C vs C1 Continuous: Understanding Derivatives

[Susanne217]

Homework Statement

Let F be a function defined on a open set E where $$E \in V$$. F is said to be continuous at each point $$x \in V$$. Which according to my textbook at hand can be written as $$F \in \mathcal{C}(E)$$

But the expression $$F \in \mathcal{C}^{1}(E)$$ is that equal to saying that F have first order derivatives defined on the set E?

 

[HallsofIvy]

More than that. $$F \in \mathcal{C}^{1}(E)$$ says that F has a continuous first derivative. For example, f(x)= |x| is continuous in any neighborhood of x= 0 but not differentiable at x= 0 so $$f \in \mathcal{C}^{1}(E)$$ but f is not in $$\mathcal{C}^{1}(E)$$. A slightly more complicated example is $$f(x)= x^2sin(1/x)$$ if x is not 0, f(0)= 0. It is fairly easy to show that f is continuous in any neighborhood of x= 0 and, in fact, that it has a derivative for all x, including x= 0, but the derivative function is not continuous at x= 0.

 

[Susanne217]

Thank you Mr. Hall,

I have a follow-up question.

Let say we have autonomous differential equation

$$x' = f(x)$$ and that we have an open set $$E \subset \mathbb{R}$$ and that $$f \in \mathcal{C}^1(E)$$. We then assume that (I,x) is a solution to the diff-eqn also that $$x(t_1) = x(t_2)$$ where $$t_1, t_2 \in I$$ and that $$t_1 < t_2$$

Show for n = 1 that y is a constant solution.

I know from the definition of f that it has first derivatives on E and that E is open. And since from the definition of the solution to a diff.eqn that $$I \subset \mathbb{R}^n$$. Since I is considered to be a subset of $$R$$ and that E is also a subset of $$\mathbb{R}$$ for n = 1.

Then here is my questions:

1) Do I need to show that f also has derivatives on I?

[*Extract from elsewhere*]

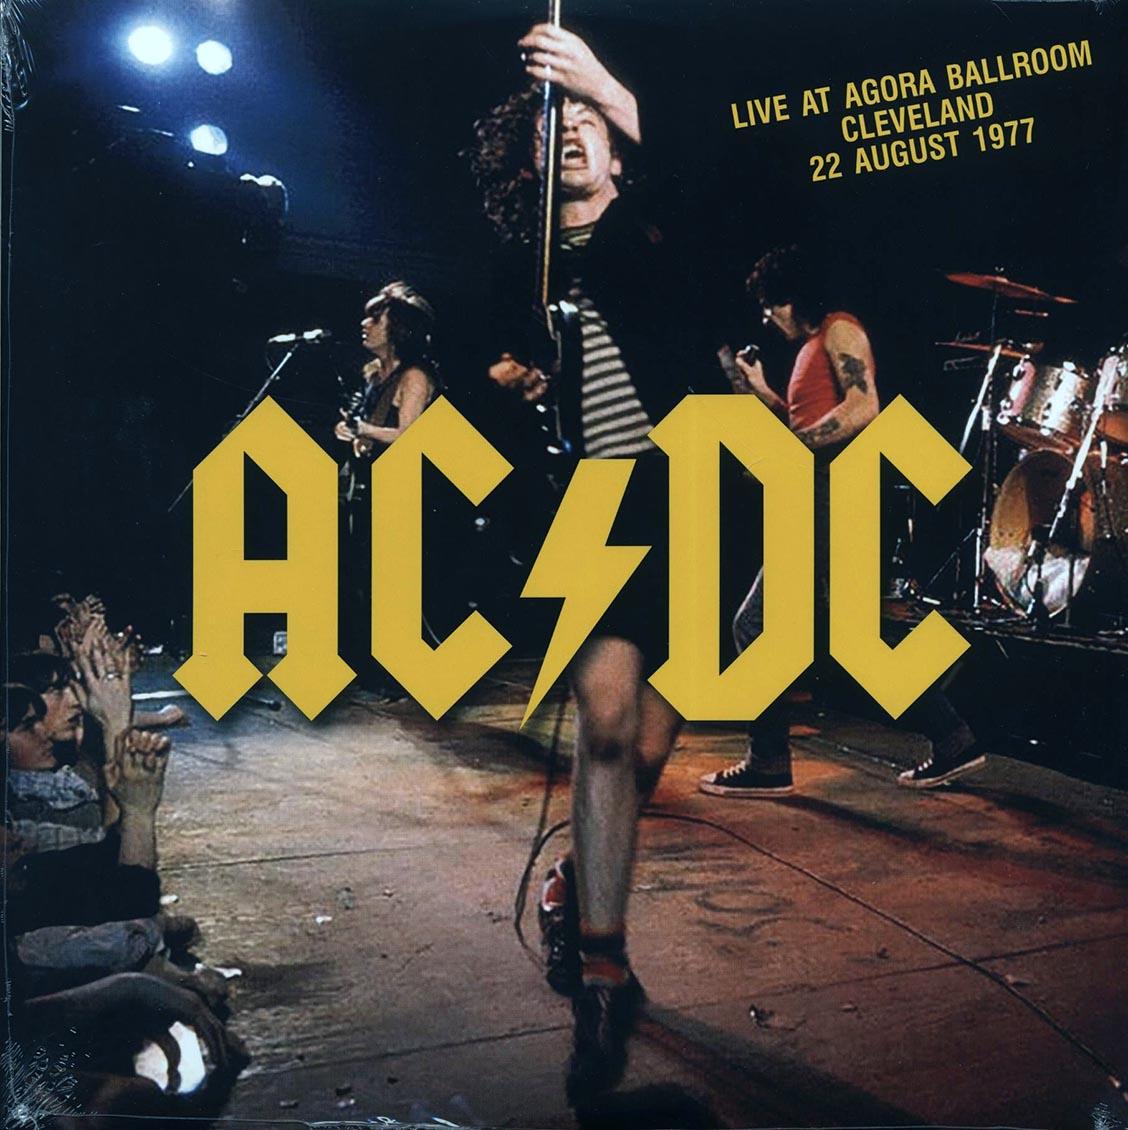 ac/dc live at agora ballroom cleveland 22 august 1977

2) I can't well assume that since f has derivatives on a subset of R then if f's domain consistets of both of R and E. Can this domain be seen a as closed set? And I then assume by Rollo's theorem that there exists some value on f's domain, $$t_3$$. Where if x is a solution of f, and then $$x'(t_1) = f(x(t_1)) = x'(t_2) = 0$$ and then $$x'(t_3) = f(x(t_3))= 0$$ and than the solution x is constant?